Reverse Diffusion Process:

@torch.no_grad()
def generate(self, num_samples, conditioning_data=None):
    # Start with random noise
    shape = (num_samples, self.feature_dim, self.sequence_length)
    x = torch.randn(shape, device=self.device)

    # Iteratively denoise
    for i in range(self.timesteps - 1, -1, -1):
        t = torch.full((num_samples,), i, device=self.device, dtype=torch.long)

        # Predict noise
        predicted_noise = self.denoise_network(x, t, conditioning_data)

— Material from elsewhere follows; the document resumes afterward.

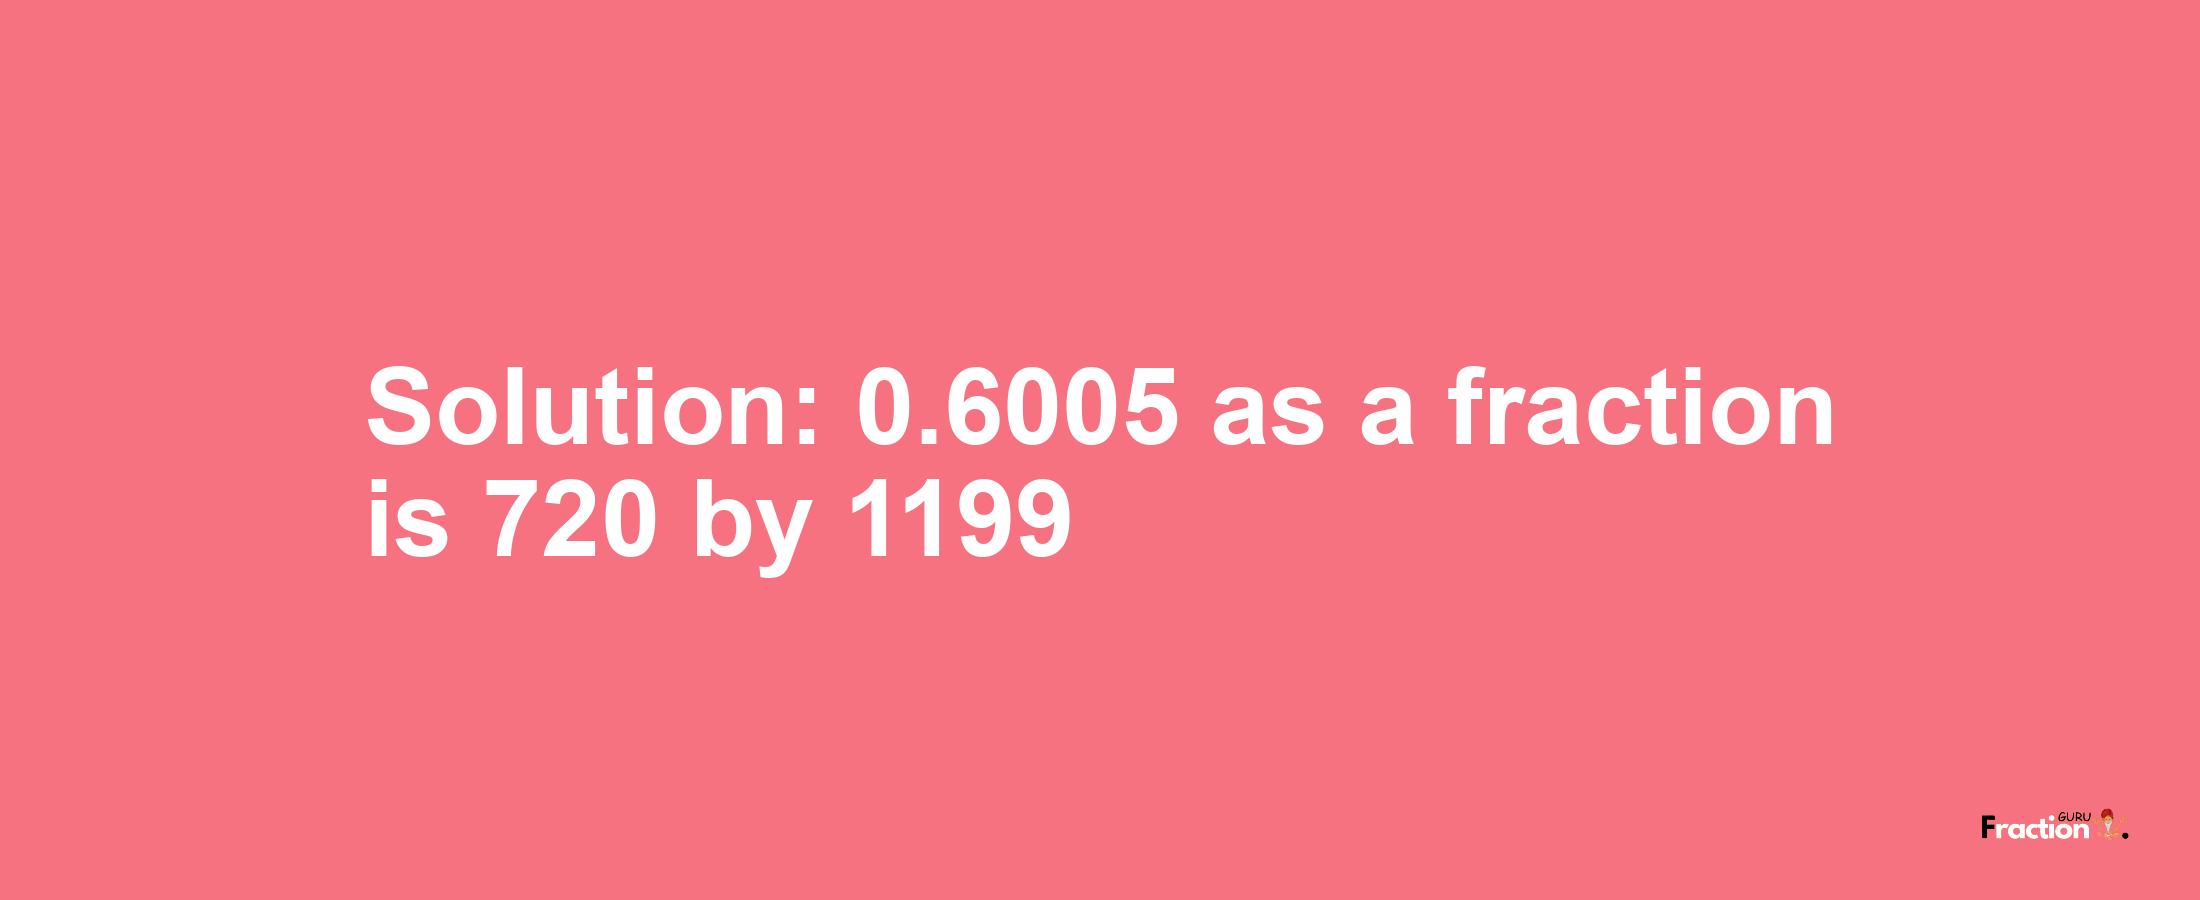 Solution:0.6005 as a fraction is 720/1199

        # Apply reverse diffusion step
        x = self._reverse_diffusion_step(x, predicted_noise, t)

    return x

def _reverse_diffusion_step(self, x, predicted_noise, t):
    # Apply the reverse diffusion formula
    # This involves computing the mean and variance based on the model's prediction
    pass

Pre/Post Processing Considerations

The pre/post processing pipeline remains largely unchanged since diffusion models work with the same data format as GANs:

Normalization Compatibility:

  • Diffusion models work well with normalized data (typically [-1, 1] or [0, 1])
  • Existing normalization strategies in NetShare are compatible
  • Self-normalization approach can be maintained

Temporal Dependencies:

  • Diffusion models can capture temporal dependencies through attention mechanisms
  • LSTM-based architectures can maintain sequential modeling
  • Generation flags can be handled similarly to GAN approach

Implementation Steps

Step 1: Create Diffusion Model Class

  • Extend the base Model class
  • Implement forward/reverse diffusion processes
  • Create attribute and feature diffusion networks

Step 2: Integrate with Model Manager

  • Ensure compatibility with existing training/generation workflows
  • Maintain distributed computing support through Ray

Step 3: Update Configuration System

  • Add diffusion-specific parameters
  • Maintain backward compatibility with GAN models

Step 4: Testing and Validation

  • Verify that diffusion model produces realistic network traces
  • Compare quality metrics with GAN baseline
  • Ensure distributed generation pipeline works correctly

Advantages of Diffusion Models

Quality Improvements:

  • Better sample diversity compared to GANs
  • More stable training without mode collapse
  • Deterministic generation process

Architecture Benefits:

  • Variational lower bound provides training objective
  • No need for discriminator networks
  • Better handling of multi-modal distributions

Practical Considerations:

  • Potentially longer generation time due to iterative process
  • Higher memory requirements during training
  • More hyperparameters to tune (timesteps, noise schedule)

Challenges and Solutions

Computational Complexity:

  • Diffusion models require multiple forward passes for generation
  • Solution: Use accelerated sampling techniques (DDIM, PLMS)

Temporal Modeling:

  • Maintaining temporal consistency in network traces
  • Solution: Use attention mechanisms and temporal conditioning

Conditional Generation:

  • Generating features conditioned on attributes
  • Solution: Use cross-attention between attribute and feature networks

By following this guide, you can successfully replace the GAN model in NetShare with a diffusion model while maintaining the existing architecture's strengths in distributed computing, preprocessing, and postprocessing.